Thanks. Ya not a fan of split pea soup. I vaccumm pack all my ham bones and butt blades to use in soups.


----------



## checkdude (Feb 10, 2019)

I do the same. Any bones go in zip lock bag and in freezer to wait when enough is stored. I love soup. There is a pot on the stove every week.


----------



## knifebld (Sep 12, 2019)

DocSteve said:


> Potatoe soup w/ bacon and a ham bone I had from a previous smoke.



Man does that soup look ever good, I would get some brownie points if I made this for my wife. Willing to share the recipe? :)


----------



## DocSteve (Sep 12, 2019)

Not that fancy. I smoked a ham, saved the bone.
 I got some fancy potato soup. Added some bacon bits, crushed red pepper and let it simmer.
 It's not always about making everything from scratch.


----------



## knifebld (Sep 12, 2019)

DocSteve said:


> Not that fancy. I smoked a ham, saved the bone.
> I got some fancy potato soup. Added some bacon bits, crushed red pepper and let it simmer.
> It's not always about making everything from scratch.



Simple enough!
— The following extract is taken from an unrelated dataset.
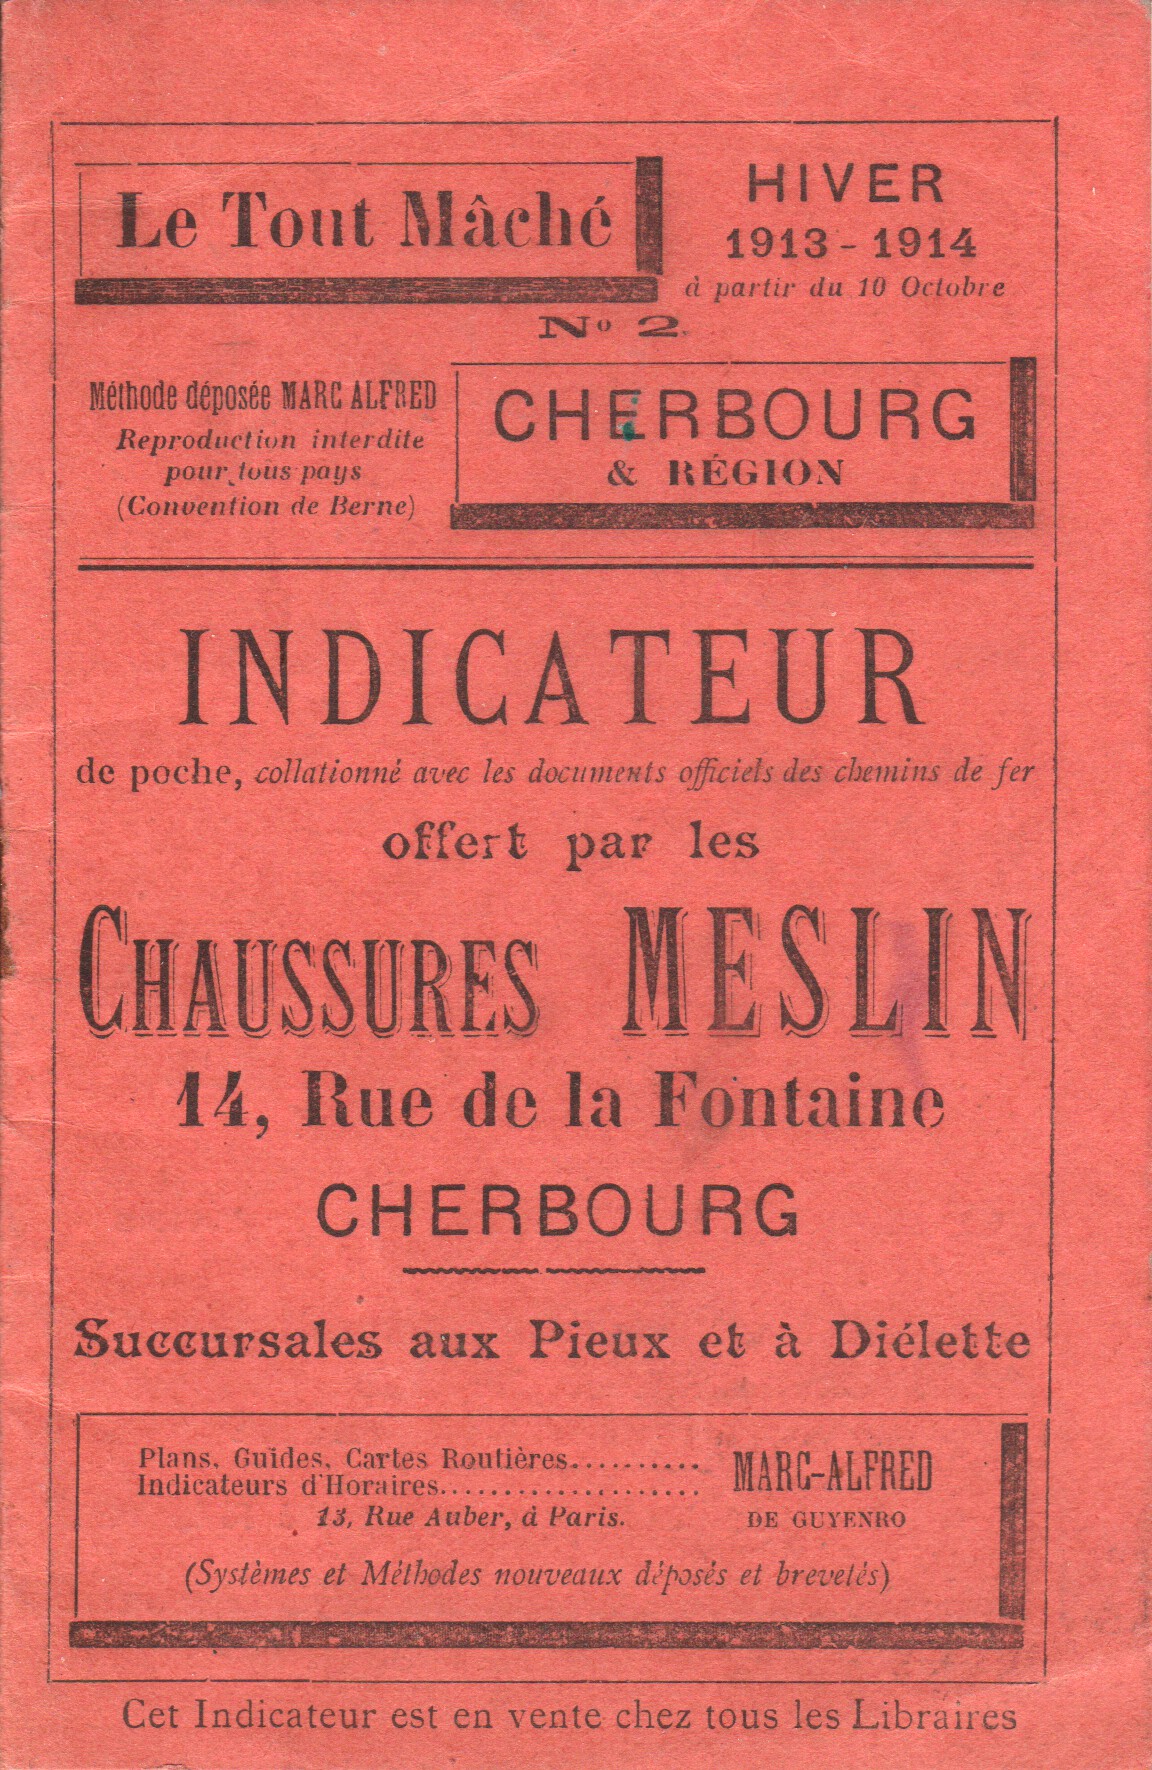 Meslin timetable 1913 front cover

LOL Thanks!


----------



## bradger (Sep 29, 2019)

You got me thinking about using the same potatoes i used for the smoked potato salad to make potato soup since we are rapidly entering soup season.


----------



## gmc2003 (Sep 29, 2019)

Nice looking soup. I normally make pea soup with hambones, but this might be a good alternative. 

Point for sure
Chris


----------



## Steve H (Sep 29, 2019)

That looks good. I make bacon, potato chowder a few times a year. A favorite during the cold season.


----------